When that breaks down of course who knows what people build? My favourite thing to witness is a sort of panicky annulus of staircases going off in every direction - hard to shoot into, hard to make sense of through a sniper scope. But by the time someone's panicking, the game is seconds away from ending anyway. And when it ends, any spectators like me are often left with an odd feeling, that this isn't just two players facing off, but that it is the coming together of two dynasties - one dynasty, or lineage, for each player, composed not of the people they are descended from, but from the sum total of people they have killed and looted, many of whom may still be watching.
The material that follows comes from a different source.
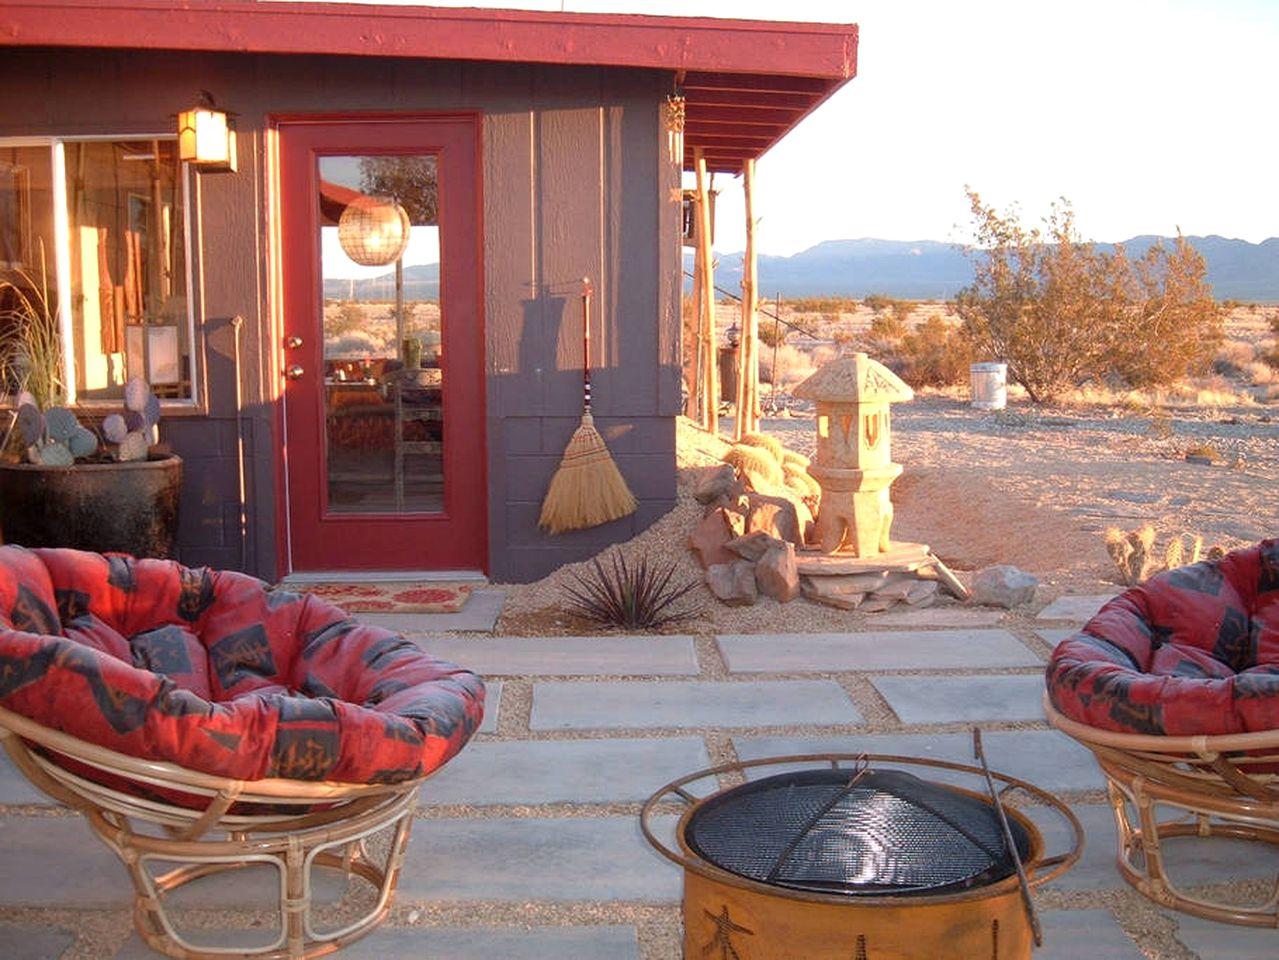 Cabin Rental On Joshua Tree National Park California
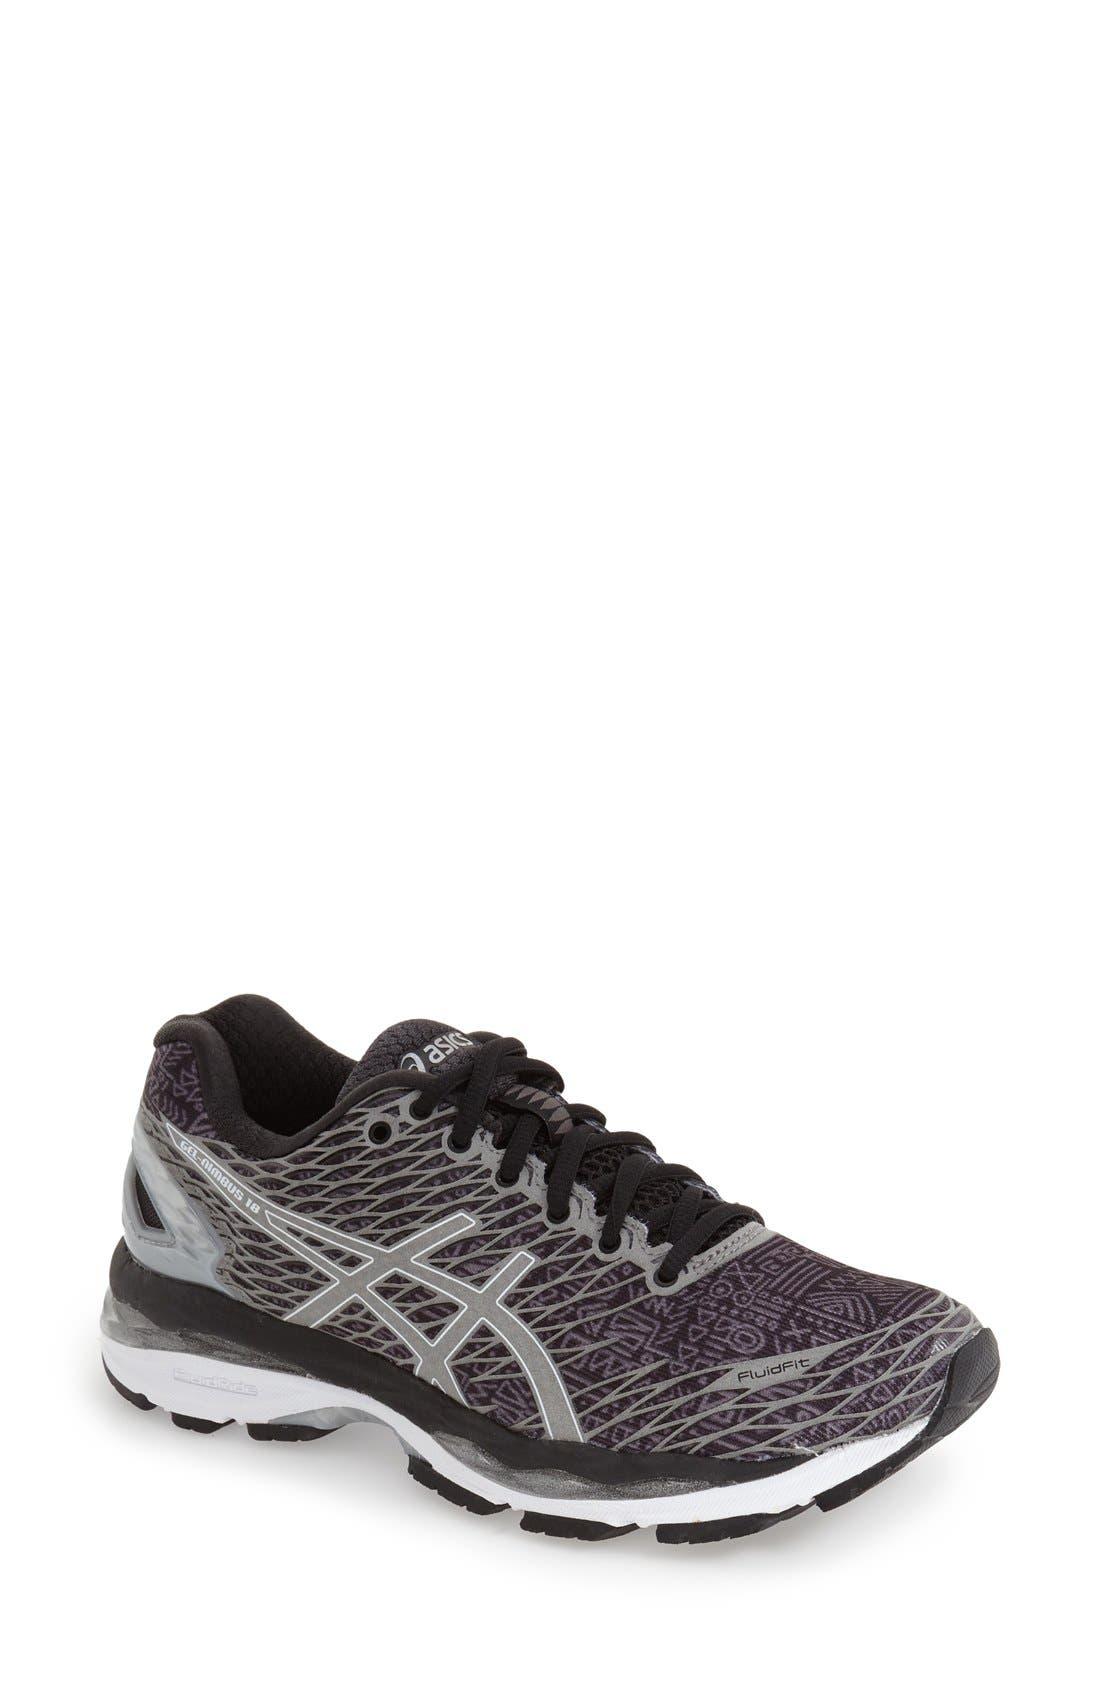 ASICS<SUP>®</SUP> 'GEL-Nimbus 18 Lite-Show' Running Shoe, Main, color, 003

This end-game is a beautiful, spooky thing to witness, because it feels like something that is carried within the game's design. The tools and the rules of the game have this endlessly-replayed moment buried within them, a bit like the messages carried in DNA, a bit like the sequences encoded in a church or a McDonald's.

Speaking of spooky, in Manaugh's book you also get to learn what happened to Manchester in the end. He went to prison and then escaped fairly quickly - not hard when you are good at learning the sequences of a building and inserting yourself into them - and then he ended up living in a Toys R Us - literally inside the building's wall spaces. He had a little apartment set up in there, and he was keeping an eye on the store using baby monitors he'd stolen and set up around the place. I think I remember reading that he was even changing the building's sequences in subtle ways, altering rotas and getting the staff to synchronise, unwittingly, with Manchester-time. I imagine he's back in jail now. I wonder what he'd make of Battle Royale.